MA: Exactly. So I think they will want—I mean, you guys you got your Office, you got your Exchange in sync, and all that good stuff. You got SharePoint, too, all that stuff. So you could bring it into the enterprise and support it, but I think they want the consumer to bring it in. This is just my personal opinion. I don't know what their status is, but I think they want the consumer to bring it in. Get the consumer going, and then they'll bring it into the enterprise, and then it will be a lot easier.

CF: So Microsoft has always had this business market for phone devices, Windows Phone. Is that market still as big as it ever was? Is it bigger? Is it hopeless? Give me a sense of that market.

MA: You're talking about the previous version, right?

CF: Yeah. I'm talking about Microsoft's dominance in the past in business phone software.
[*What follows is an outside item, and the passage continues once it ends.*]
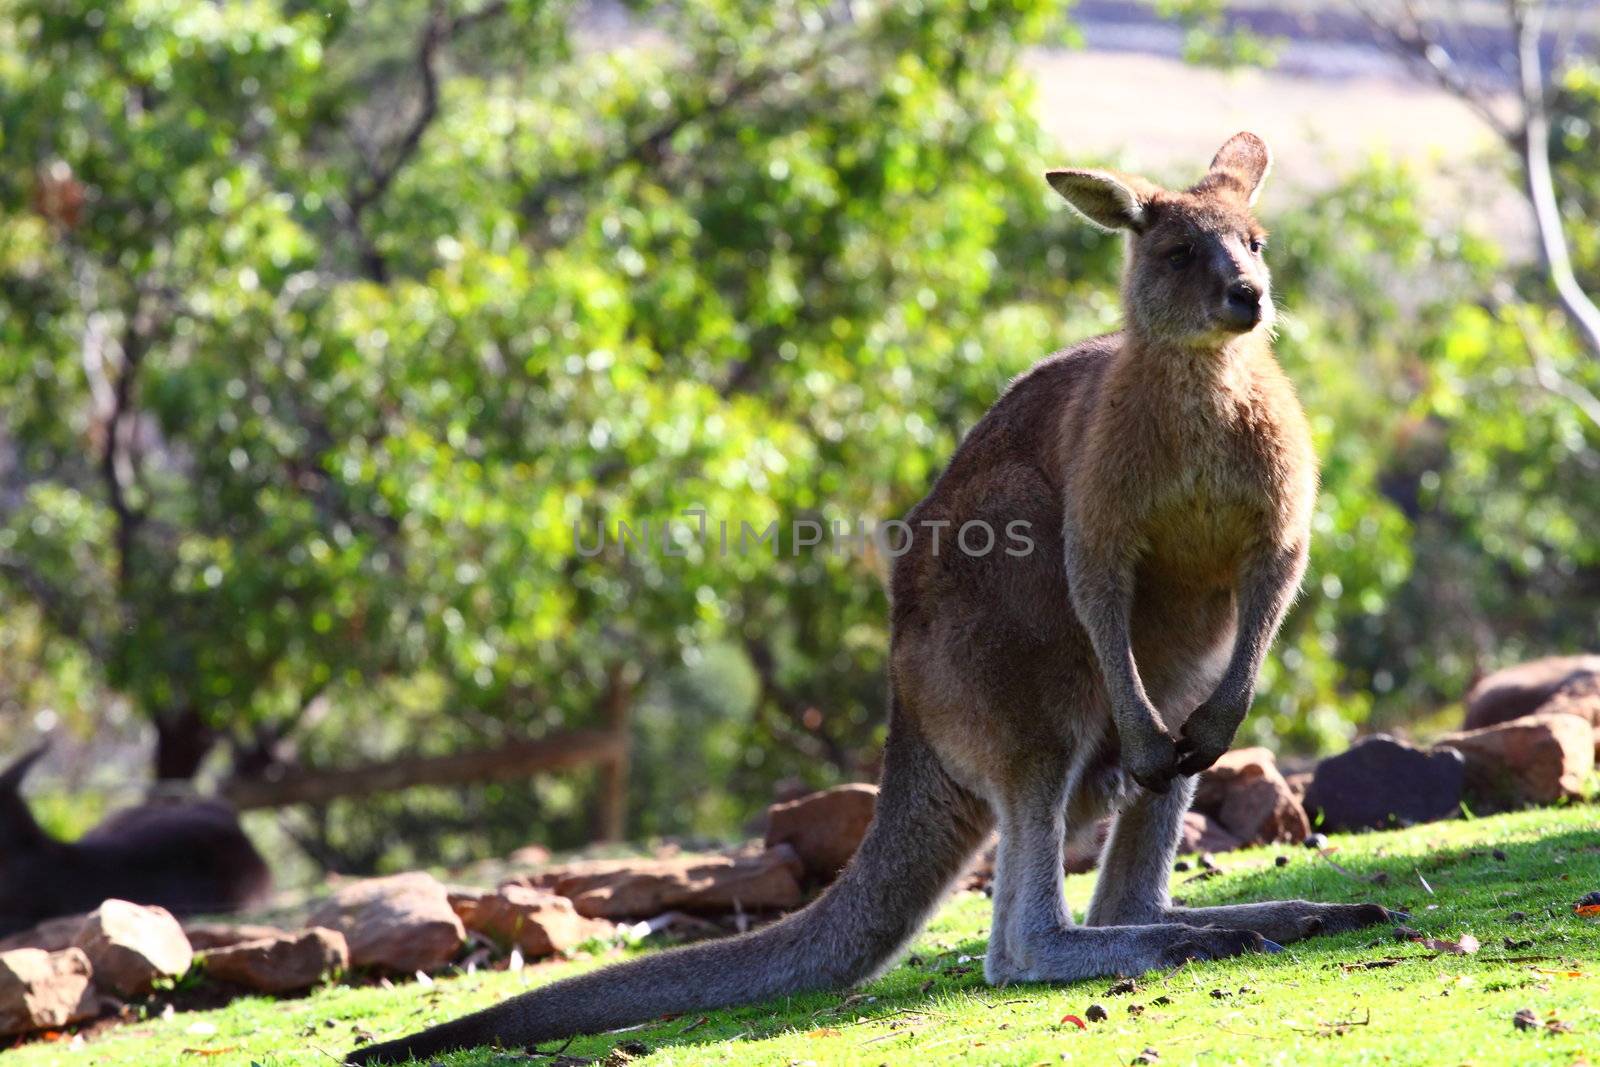 Kangaroo in Australia  by mariusz_prusaczyk

MA: Yeah. In terms of the ruggedized market, I think it's still there. We just send their staff a Windows Mobile 5.0 project.

RC: Wow.

MA: Yeah, exactly. So people are still using—like in the enterprise, a fairly ruggedized utility company, people are still using Windows Mobile 5.0. They're starting to transition to Windows Mobile 6.0.

CF: You think we'll see ruggedized WP7s?

MA: I don't think so. I think you'll see some of the features from WP7, say maybe the Silverlight or anything like that coming over but I don't think you'll see the Metro UI in a ruggedized environment because if you think about it it's guys out on the field taking meter readings, I don't think they care about animation. They just want to get their job done and get back to the office and try to pass the time and go.

CF: What about the future of the business market for Windows Phone 7.0? What do you think?

MA: The business market for Windows Phone 7.0 not ruggedized, I think it will be there. I think you will start seeing companies building enterprise line-of-business apps on Windows Phone 7.0. Ruggedized, you're not going to see it.

CF: Yeah.

RC: The problem is that, and I'm putting on my IT hat right now because I wear that every so often, Windows Phone 6.0 is still a far better enterprise mobile device. It can join domains, it can apply group policy, like there are all these things that we had in 6.0 and 6.5, but we still don't have in 7.0.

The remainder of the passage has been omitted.